Acute appendicitis seems to be the end result of a primary obstruction of the appendix. Once this obstruction occurs, the appendix becomes filled with mucus and swells. This continued production of mucus leads to increased pressures within the lumen and the walls of the appendix. The increased pressure results in thrombosis and occlusion of the small vessels, and stasis of lymphatic flow. At this point spontaneous recovery rarely occurs.

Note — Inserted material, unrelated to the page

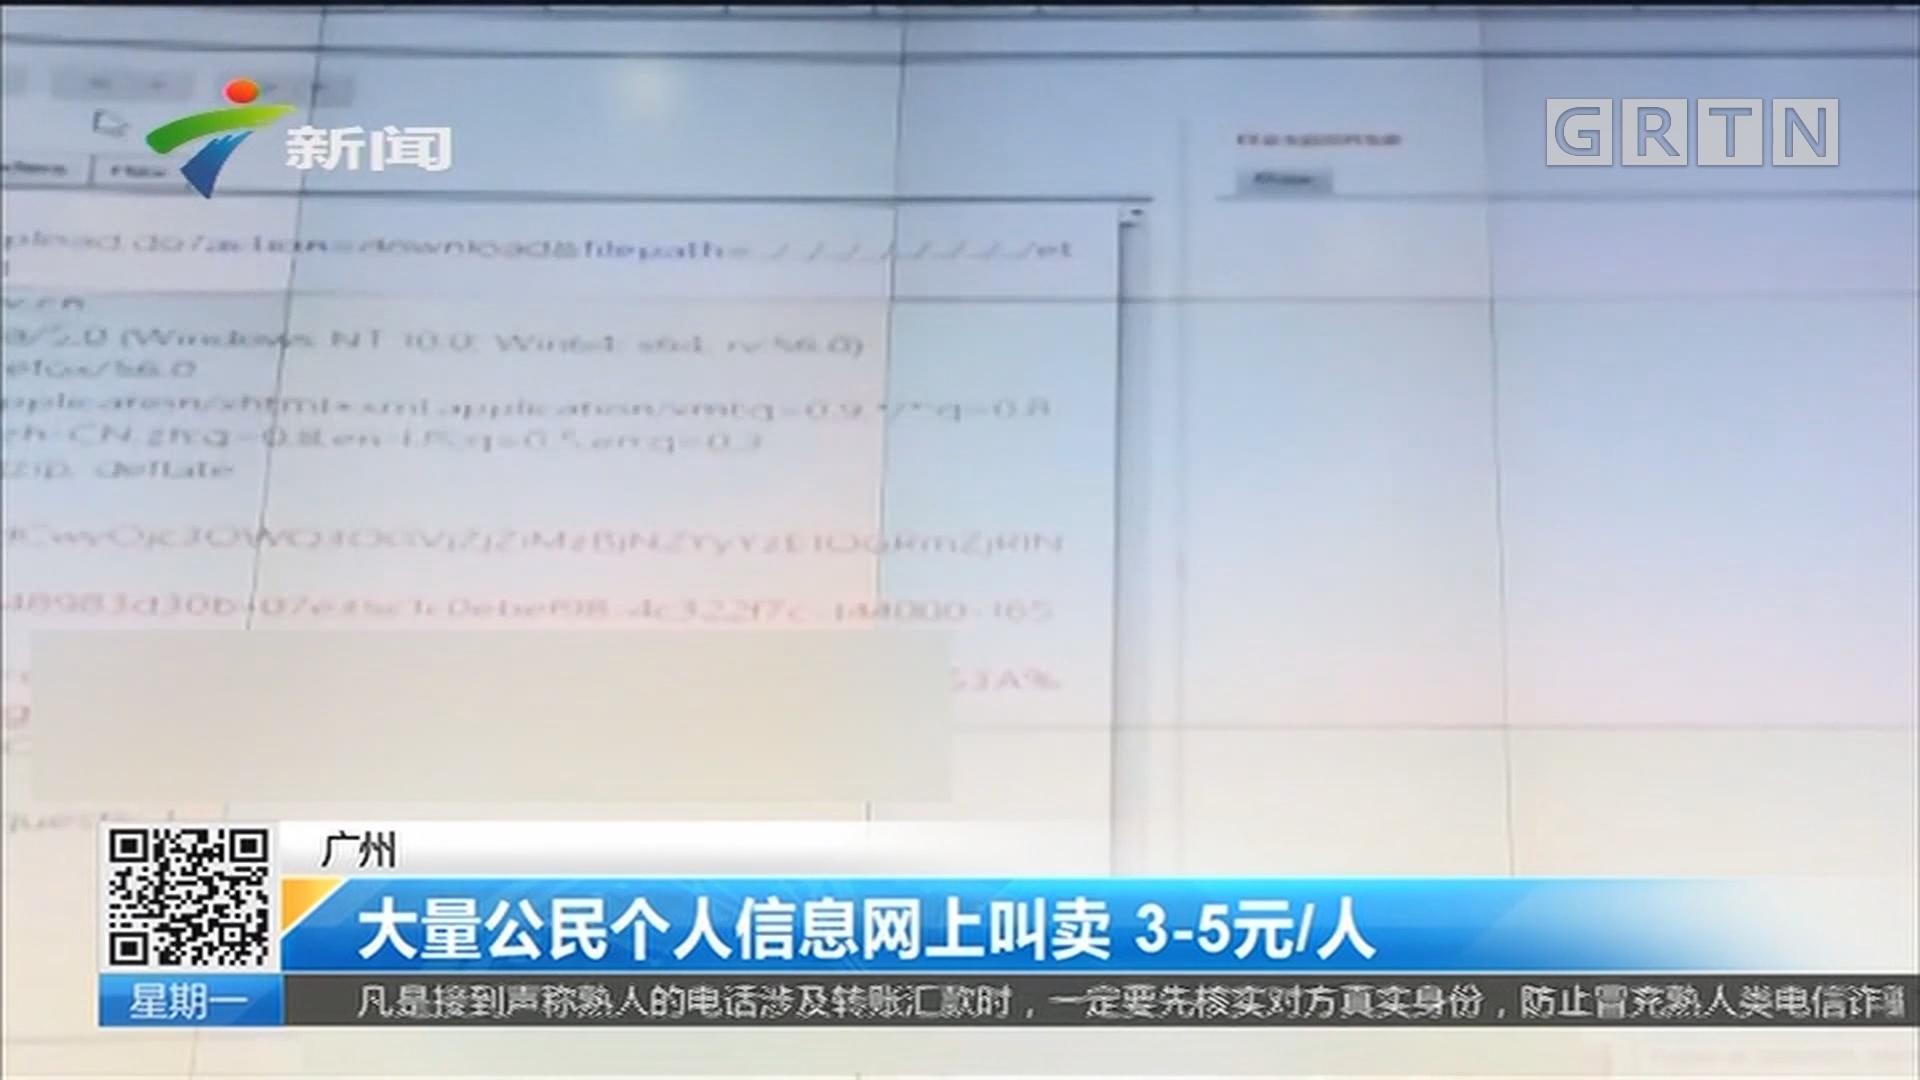 广州 大量公民个人信息网上叫卖 3-5元/人

As the occlusion of blood vessels progresses, the appendix becomes ischemic and then necrotic. As bacteria begin to leak out through the dying walls, pus forms within and around the appendix (suppuration). The end result is appendiceal rupture (a ‘burst appendix’) causing peritonitis, which may lead to sepsis and eventually death. These events are responsible for the slowly evolving abdominal pain and other commonly associated symptoms.
The causative agents include bezoars, foreign bodies, trauma, intestinal worms, lymphadenitis and, most commonly, calcified fecal deposits that are known as appendicoliths or fecoliths. The occurrence of obstructing fecaliths has attracted attention since their presence in people with appendicitis is higher in developed than in developing countries. In addition an appendiceal fecalith is commonly associated with complicated appendicitis. Fecal stasis and arrest may play a role, as demonstrated by people with acute appendicitis having fewer bowel movements per week compared with healthy controls.
The occurrence of a fecalith in the appendix was thought to be attributed to a right-sided fecal retention reservoir in the colon and a prolonged transit time. However, a prolonged transit time was not observed in subsequent studies. From epidemiological data, it has been stated that diverticular disease and adenomatous polyps were unknown and colon cancer exceedingly rare in communities exempt from appendicitis. And acute appendicitis has been shown to occur antecedent to cancer in the colon and rectum. Several studies offer evidence that a low fiber intake is involved in the pathogenesis of appendicitis. This low intake of dietary fiber is in accordance with the occurrence of a right-sided fecal reservoir and the fact that dietary fiber reduces transit time.
A blockage in the lining of the appendix that results in infection is the likely cause of appendicitis. The bacteria multiply rapidly, causing the appendix to become inflamed, swollen and filled with pus. If not treated promptly, the appendix can rupture.